In the above video, OpenAI has a demonstration of the formation of a policy that solves a different instance of the same task with as a learning data the simulation observed on another demonstration.

To stack the blocks, the robot uses an algorithm supported by two neural networks, namely a vision network and an imitation network. The vision array acquires the desired capabilities by recording hundreds of simulated images in a task with different lighting, texture, and object disturbances. The imitation network observes a demonstration, milking, reduces the trajectory of the moving objects and then accomplishes the intention starting with blocks arranged differently.
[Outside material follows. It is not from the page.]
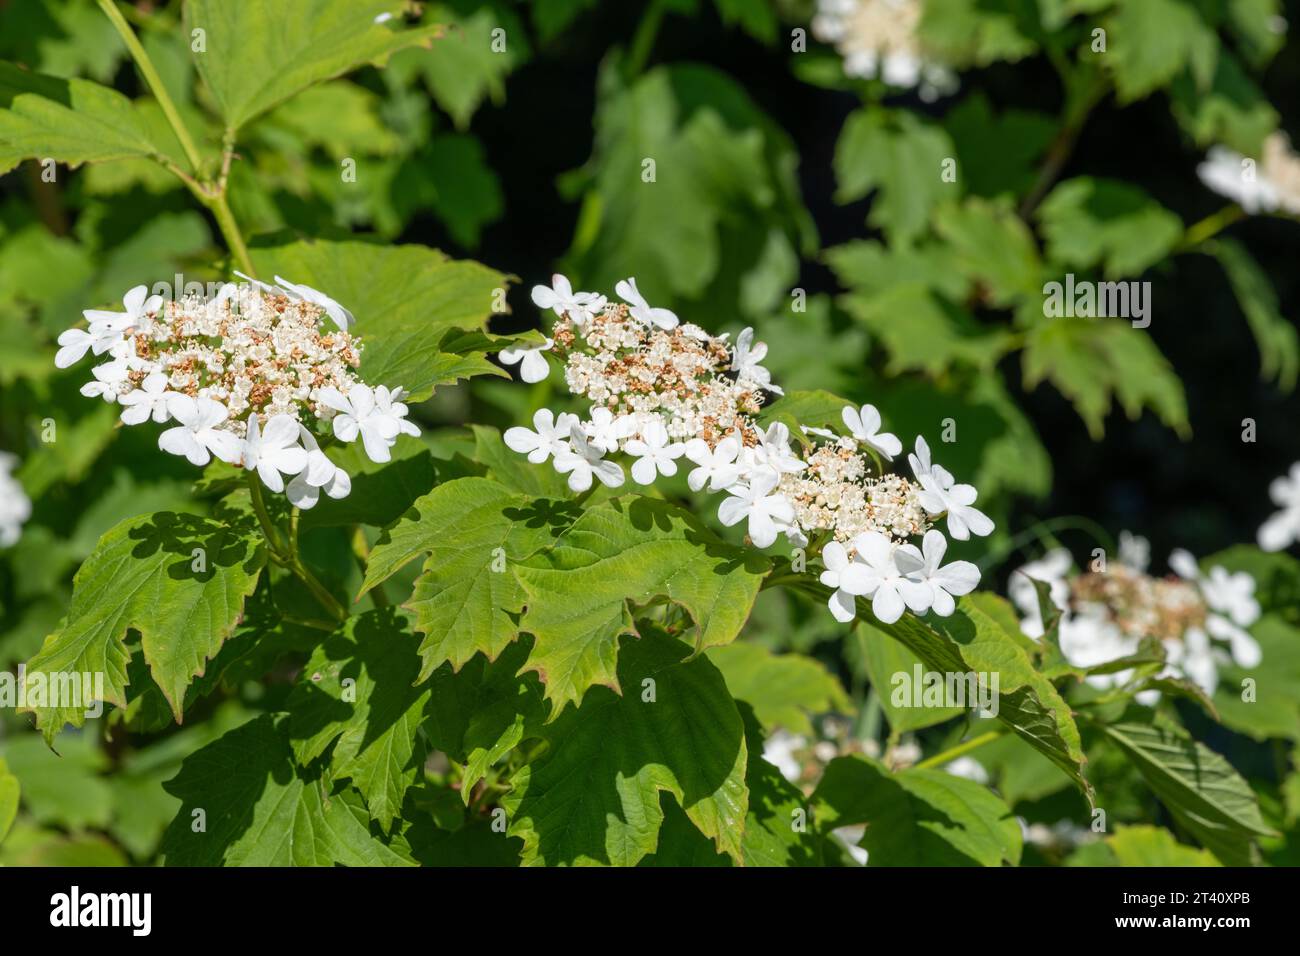 Close up of cranberry bush viburnum (viburnum trilobum) flowers in bloom Stock Photo

Below the imitation network, it has a process called “Soft Attention” that deals with both the different steps and actions as well as the appropriate blocks to be used in stacking and also the components of the vector specifying the locations of the various blocks in the environment.

The researchers explain that for the robot to learn a robust policy, a modest amount of noise has been introduced into the results of the script policy. This allowed the robot to perform its task properly even when things go wrong. Without the injection of this noise, the robot would not have been able to generalize what he learned by observing a specific task.

Finally, it should be noted that although the “one-shot imitation learning” algorithm was used to teach a robot to move blocks of colored cubes, it can also be used for other tasks.